Seagate and Western Digital seem to be set for another few months of inadequate infrastructure, as early projections anticipated constricted supplies at least until 2013. That might have been a bit too pessimistic, since the hard disk drive industry now seems to be recovering faster than expected. That led to reduced forward guidance, creating the absurd perception that a partly damaged industry is performing better than one fully intact.

Seagate hasn't suffered the same continued decline as Western Digital, which went from a highflier to a flat stock after releasing its own weak guidance. But it's still a fair bit lower than it was in January. The company's outperformance relative to Western Digital can be at least partly attributed to two major news events.

First, the company developed a storage technology capable of holding a trillion bits in every square inch of hard disk platter. That helps maintain the exponential growth in storage technology that's matched processing power's Moore's Law, and also helps the company push back against solid-state drives. Intel's (Nasdaq: INTC) sale of its NAND flash manufacturing facilities -- that technology being a big part of SSDs -- also points to a turning of the tide. Intel might have missed out on mobile so far, but it's still a tech bellwether. If it doesn't like NAND flash, how much potential does the technology really have?

Second, superstar investor David Einhorn boosted his stake in Seagate this June, offering a major vote of confidence during a period of steep declines.

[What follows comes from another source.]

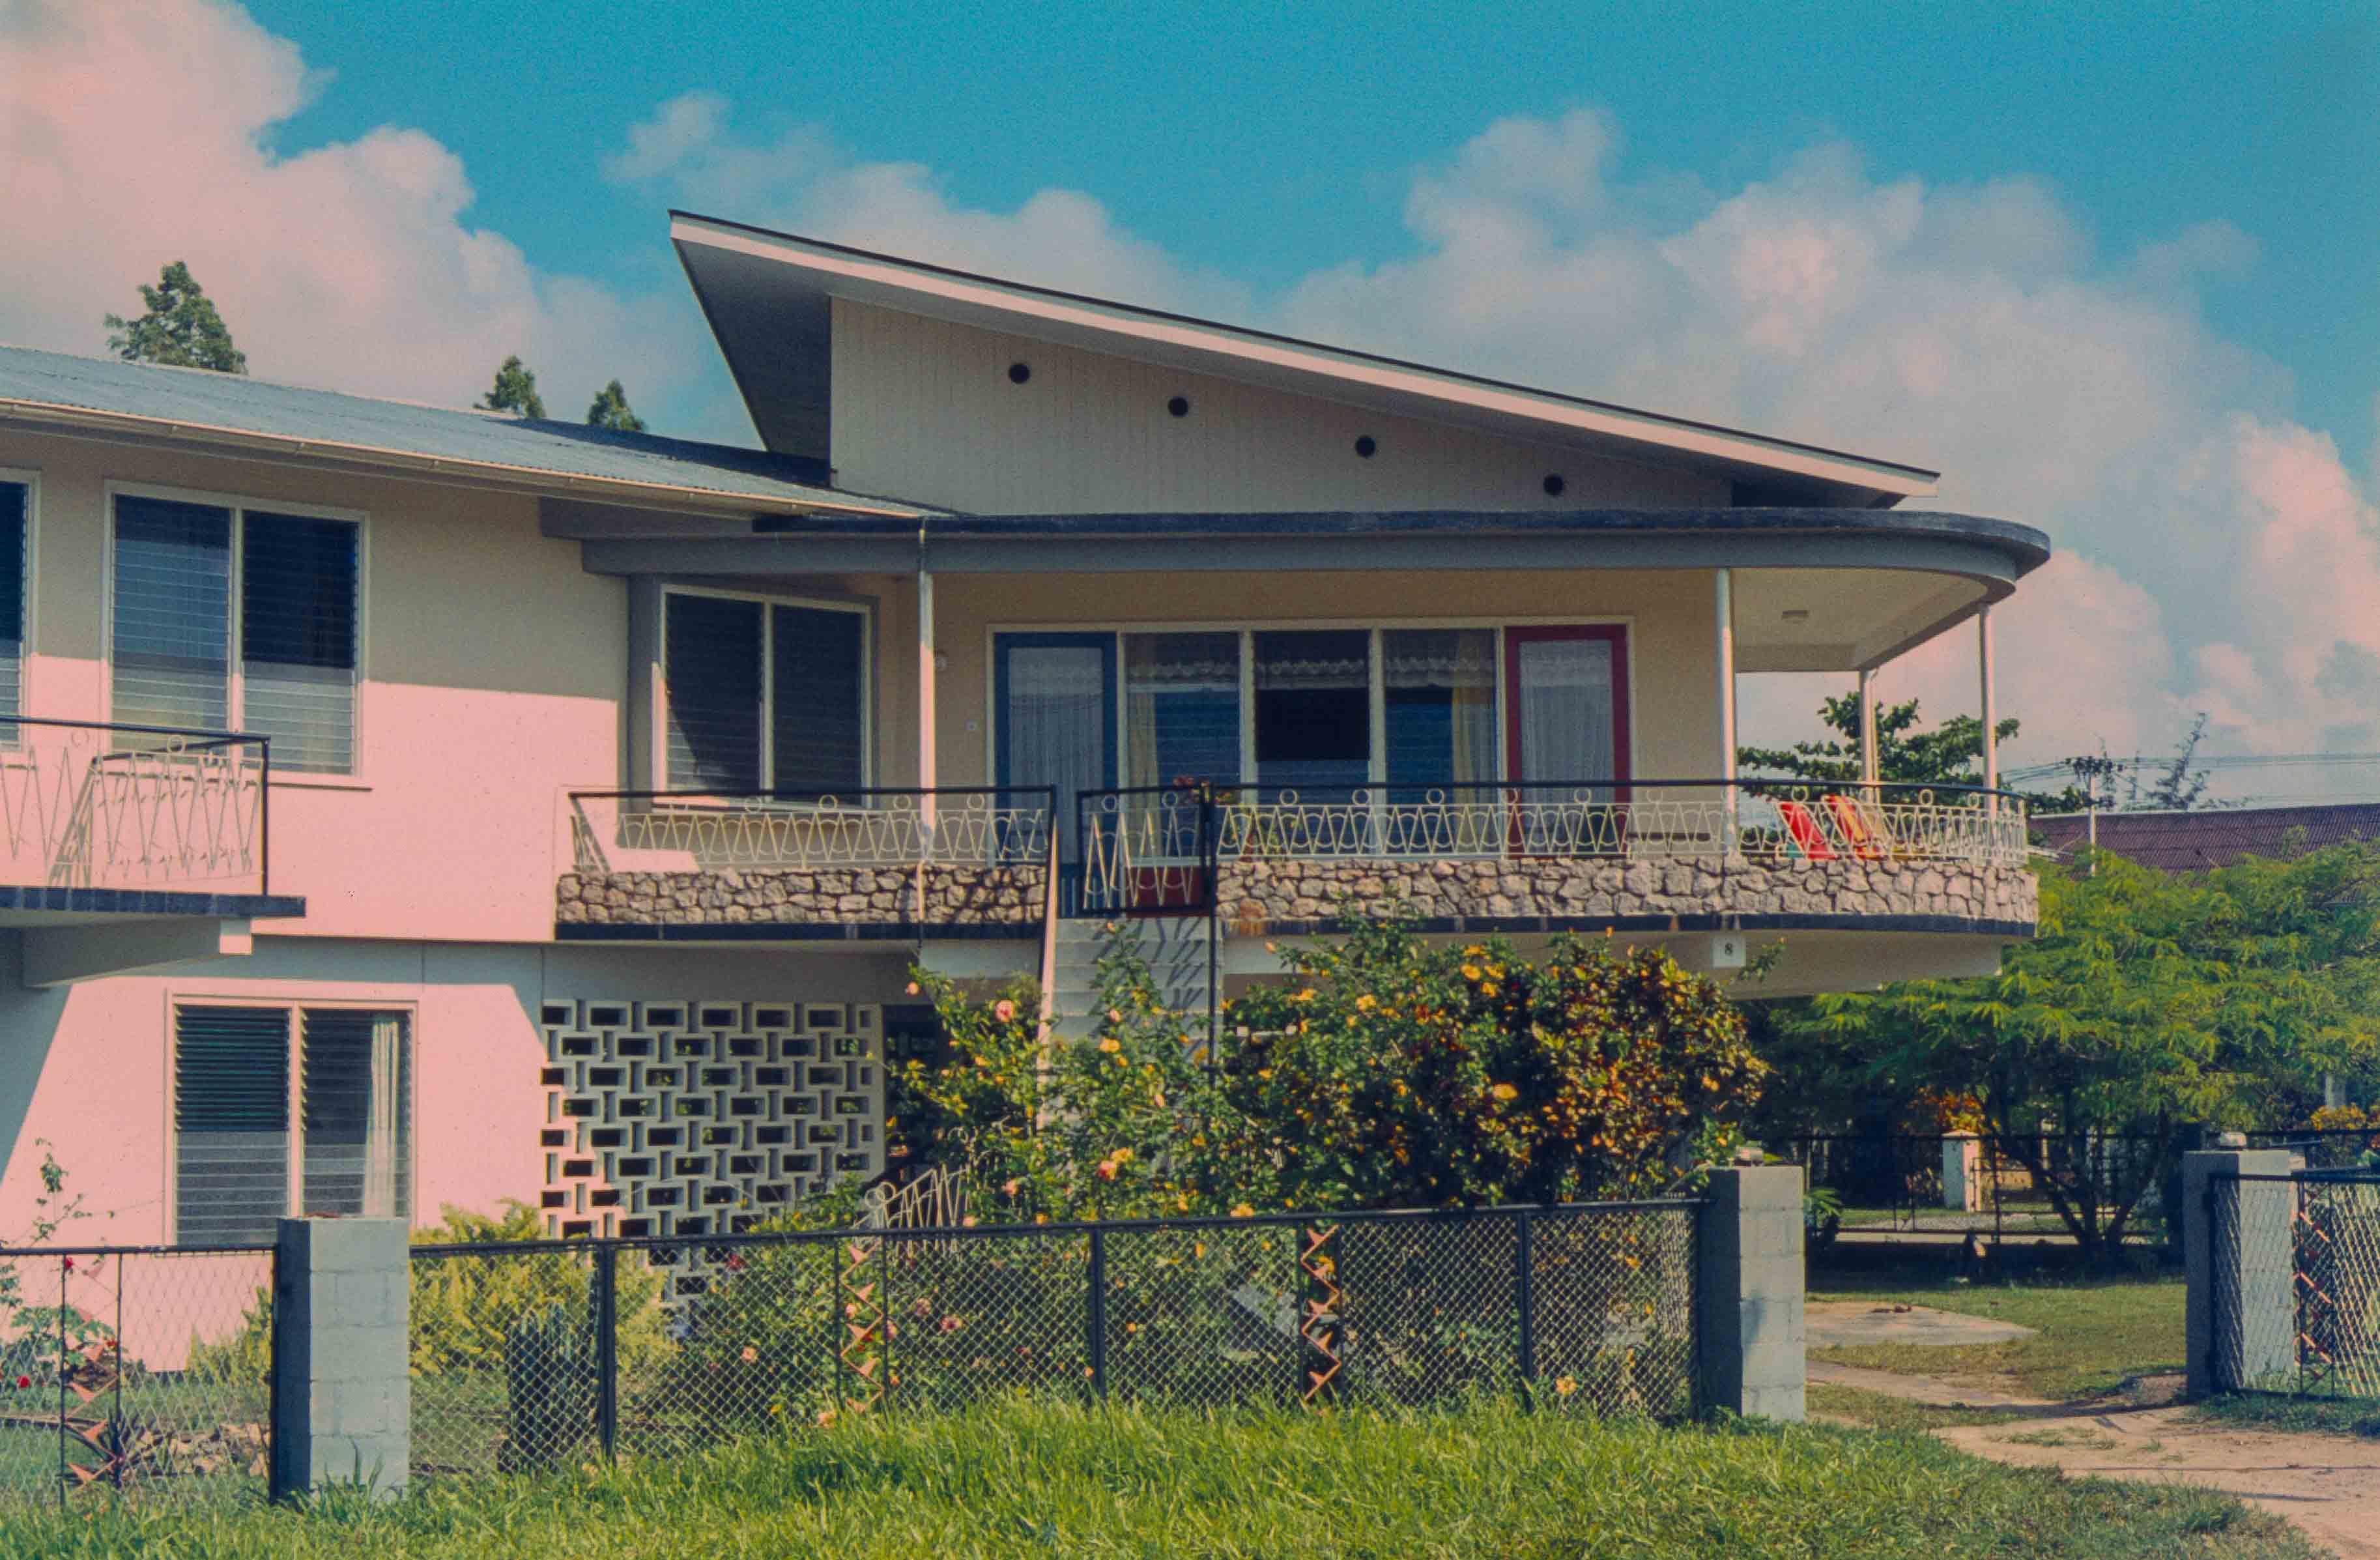 208. Suriname

Einhorn's been one of the market's most-watched money managers after his spot-on bear thesis against Green Mountain Coffee Roasters played out with perfect timing, and so far, his timing on Seagate looks similarly serendipitous.

Seagate's future looks secure, and Fool analyst Brenton Flynn recently offered three reasons why its stock remains a buy. While the PC era might be drawing to a close (or at least entering a period of flat sales), cloud computing and greater connectivity in general will both demand incredible amounts of storage. Since Seagate and Western Digital are still rebuilding, it might also be worth investigating hard disk controller manufacturer Marvell (Nasdaq: MRVL), which could rebound from a weak year when two of its biggest customers resume their normal buying habits.